Potential Story: To play or to entertain?

When you think of PLAYING with your children, what comes to mind?  Do you envision an active play like running and chasing each other playing tag or soccer or baseball?  Does your mind go to the creative spot of pretend play and envision setting up a large cardboard box and making it a drive thru restaurant, a flower shop or a doctor’s office for toys?  Might you envision playing cars or dolls with your child?  Or sitting down to a board game?  Or do you envision competing against each other via the Wii or Xbox?  Maybe you have networked electronic gadgets that allow you to compete virtually in video games against each other.

However you play, the main focal point is that you PLAY WITH your child.  Any amount of research will tell you that children thrive when parents are interactive with their children.  In today’s lifestyles, busy-ness invades our family time and it’s often very easy to ignore our own children and leave them to their own vices to play and to entertain themselves.  This is not completely the wrong thing to do.  A recent blogger mentioned how she “ignores” her kids.  Before you think “how could she!” let’s explain that what she meant is that she doesn’t come to their rescue at every sibling and friend squabble, nor does she offer the next solution to boredom, and in doing so, the mom blogger realized that the children often work out their problems by themselves.  She mentioned that by “ignoring” them, they become more creative and resourceful.  

As with most things, balance is key.  While interaction with a dose of ignoring is good, you certainly don’t want to sit a child in a corner with a Nintendo DS and let them stay glued to that small screen all day with no social interaction whatsoever.  But you also don’t need to hover over your children directing/correcting his/her every move.  Children need to explore but within limits.  Balance.  

PLAY involves active participation.  ENTERTAINment is merely giving a child something to “occupy” their mind for a certain amount of time.  Every mom and dad enjoys something that will entertain their children for a certain amount of time, but the key is to not depend on it and use entertainment as a crutch for a parent’s personal gain.  Kids may not like time limits on screen time, but someone has to be the adult, even if it means limiting ourselves in order to set the example!

So do you seek to play with or to entertain your child?  Give it some thought.  If you find that you are often reaching for the “entertainment”, then what things can you do to invoke true active play with your little one?  Having trouble  thinking of examples?  Try these:  

  • play toy hospital using paper and band-aids to bandage stuffed animals or favorite teddy bears
  • play bank by setting up an account with your new little junior teller and deposit some coins (allow them to count the money to you)
  • play post office by converting empty tissue boxes into mailboxes and delivering mail (practice the skills of reading and writing)
  • hide things around your house or in your yard and go on a scavenger hunt to find them, use binoculars made from empty toilet paper rolls to spy them
  • challenge your children to tell you what their toys must be up to when s/he is out of the room (think ToyStory)
  • challenge your children to pretend they are an animal and ask them what they might give you as a gift

Did you notice that all of the suggestions above do not require that you buy something?  They merely require your time and imagination and maybe some household items you already have.  

Today’s teachers are reporting that children are lacking in their imagination and creativity.  The toys we buy our children seem to leave little to pretend.  Work with your children to enhance the world of play make-believe.  Reinvent games from your own childhood.
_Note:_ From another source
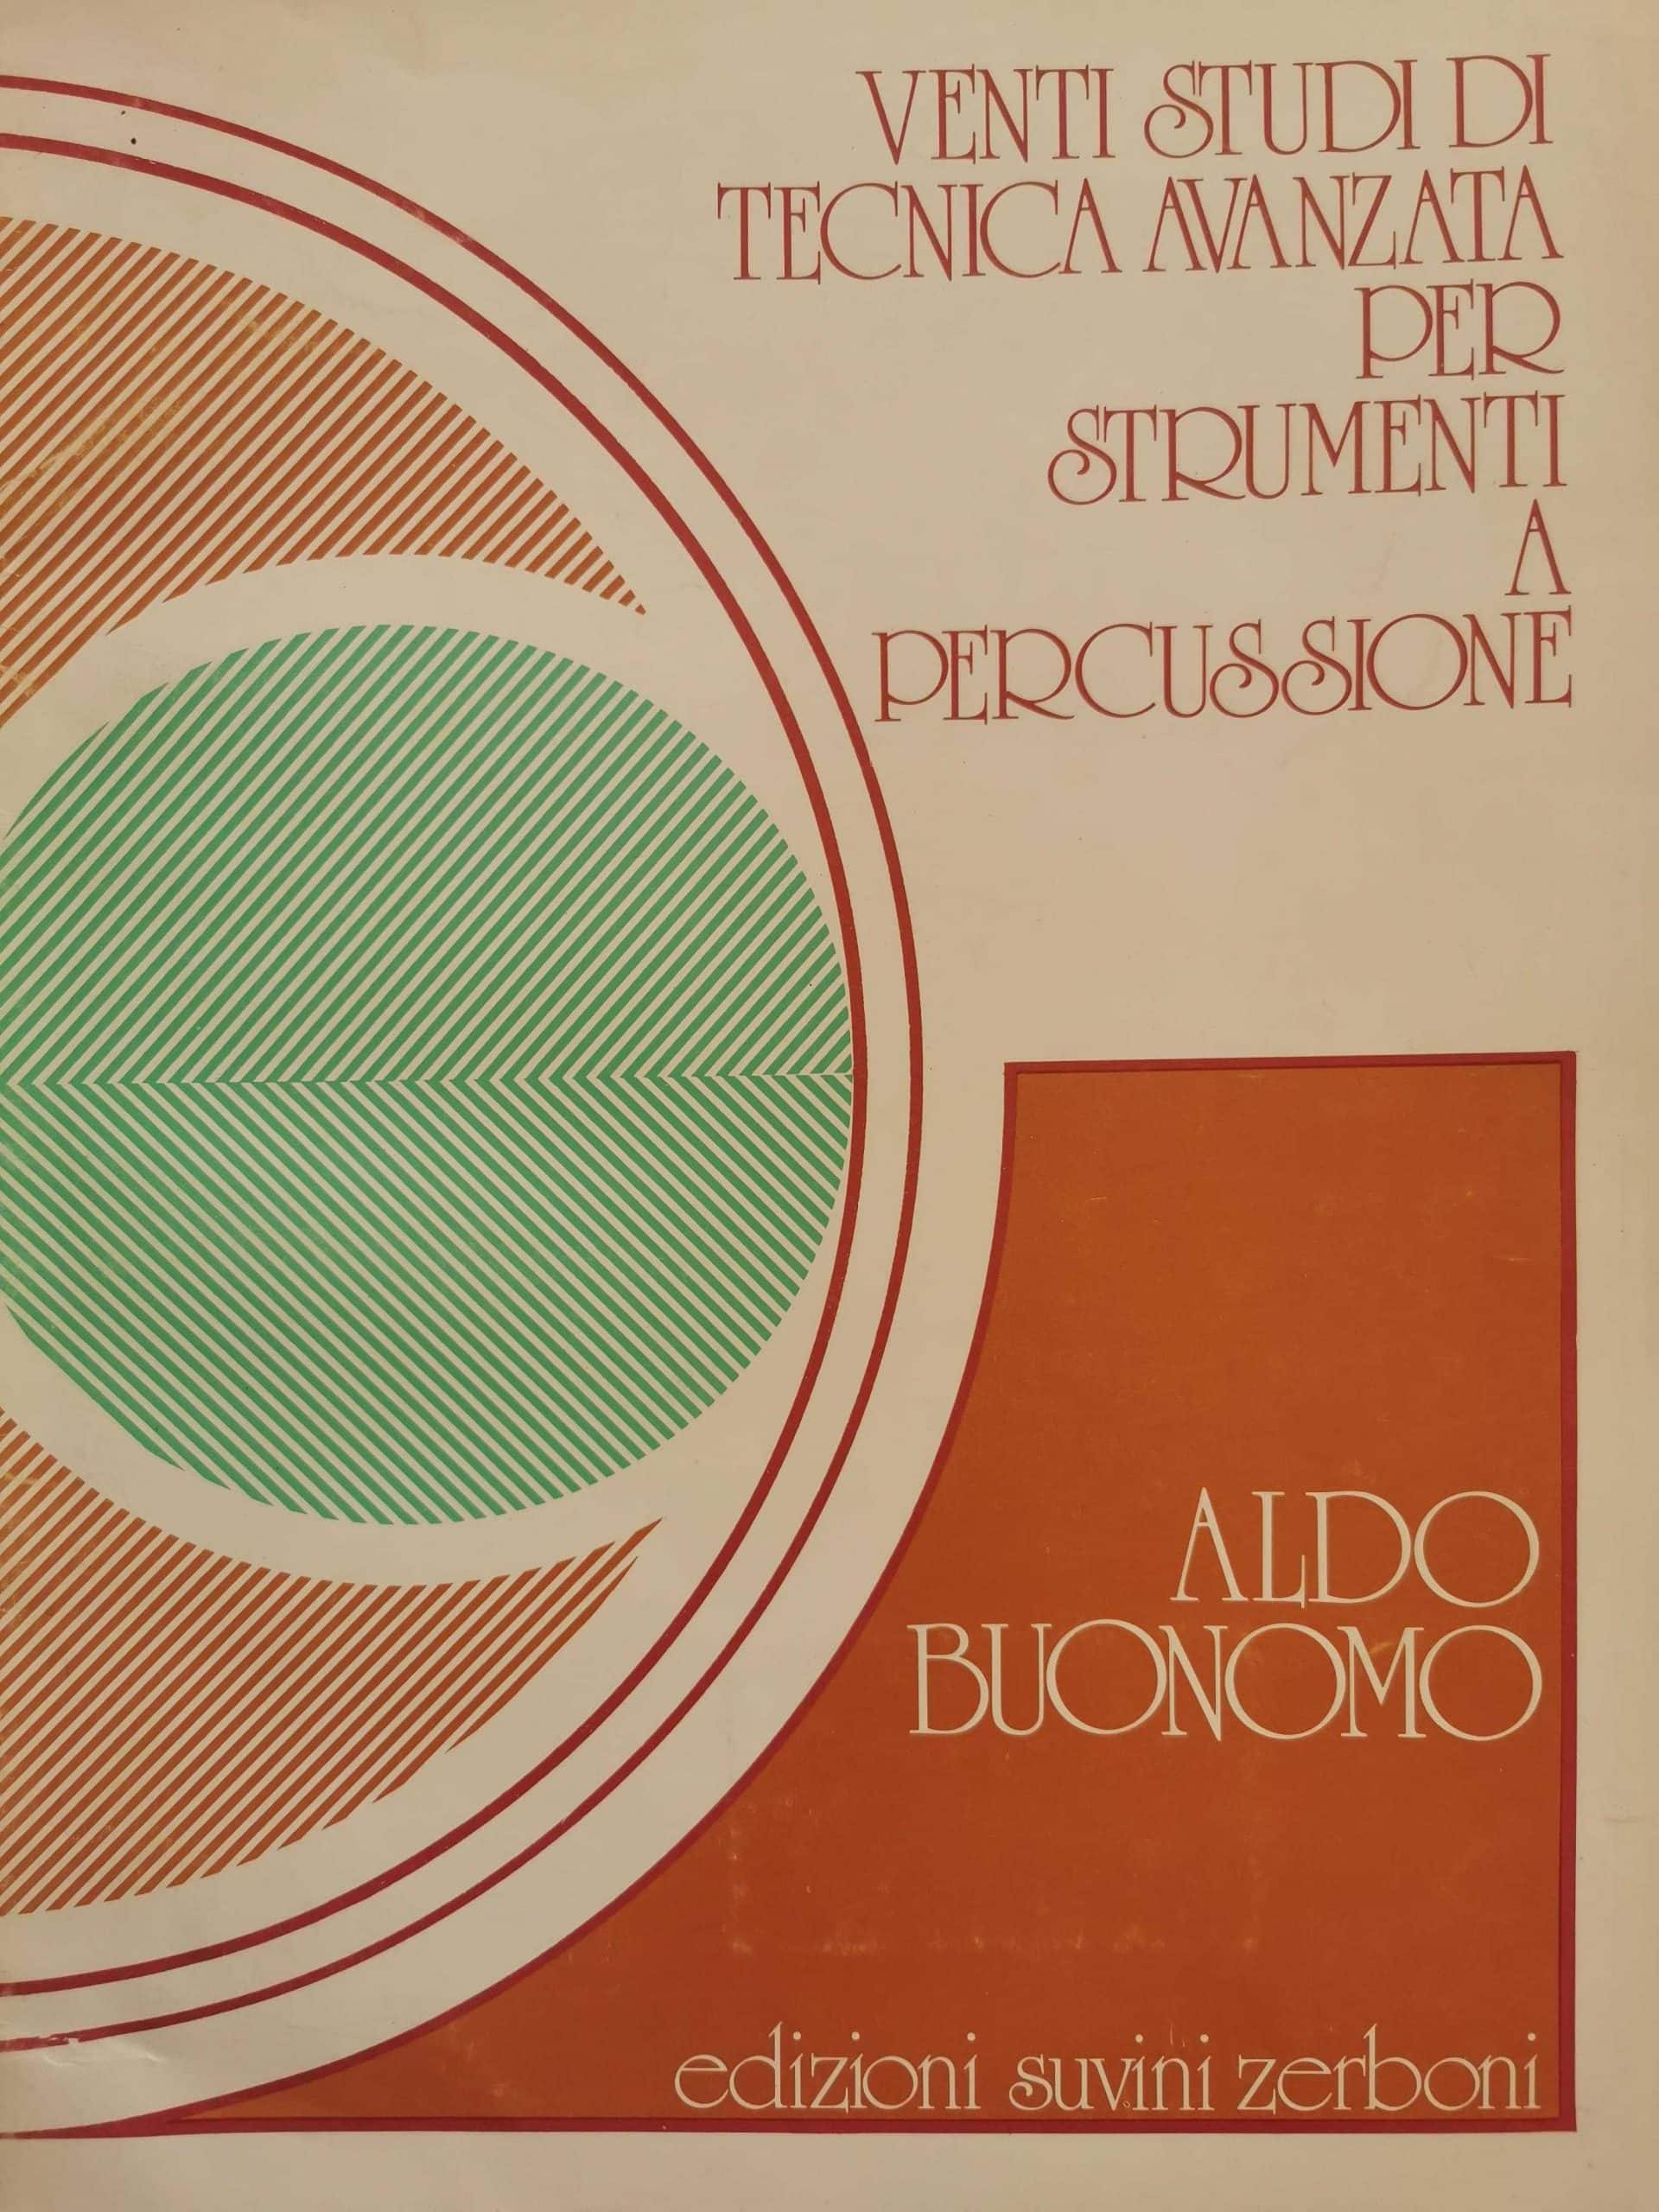 Venti Studi di tecnica avanzata by Aldo Buonomo

Also, be sure you schedule some time within children’s days for unstructured play when it’s just you and them.  Even a family pillow fight – parents vs. children or girls vs. boys –  can be fun and exhilarating.  After the fit of giggles from a good pillow fight, the kids will be begging for more before bedtime and begging for a repeat fight the next day.

A plaque once read “the family that plays together, stays together.”  PLAY is the key to good family relationships. When you choose to play with your children rather than entertain, you’ll watch your relationships grow by leaps and bounds.  Make a play-date with your kids today!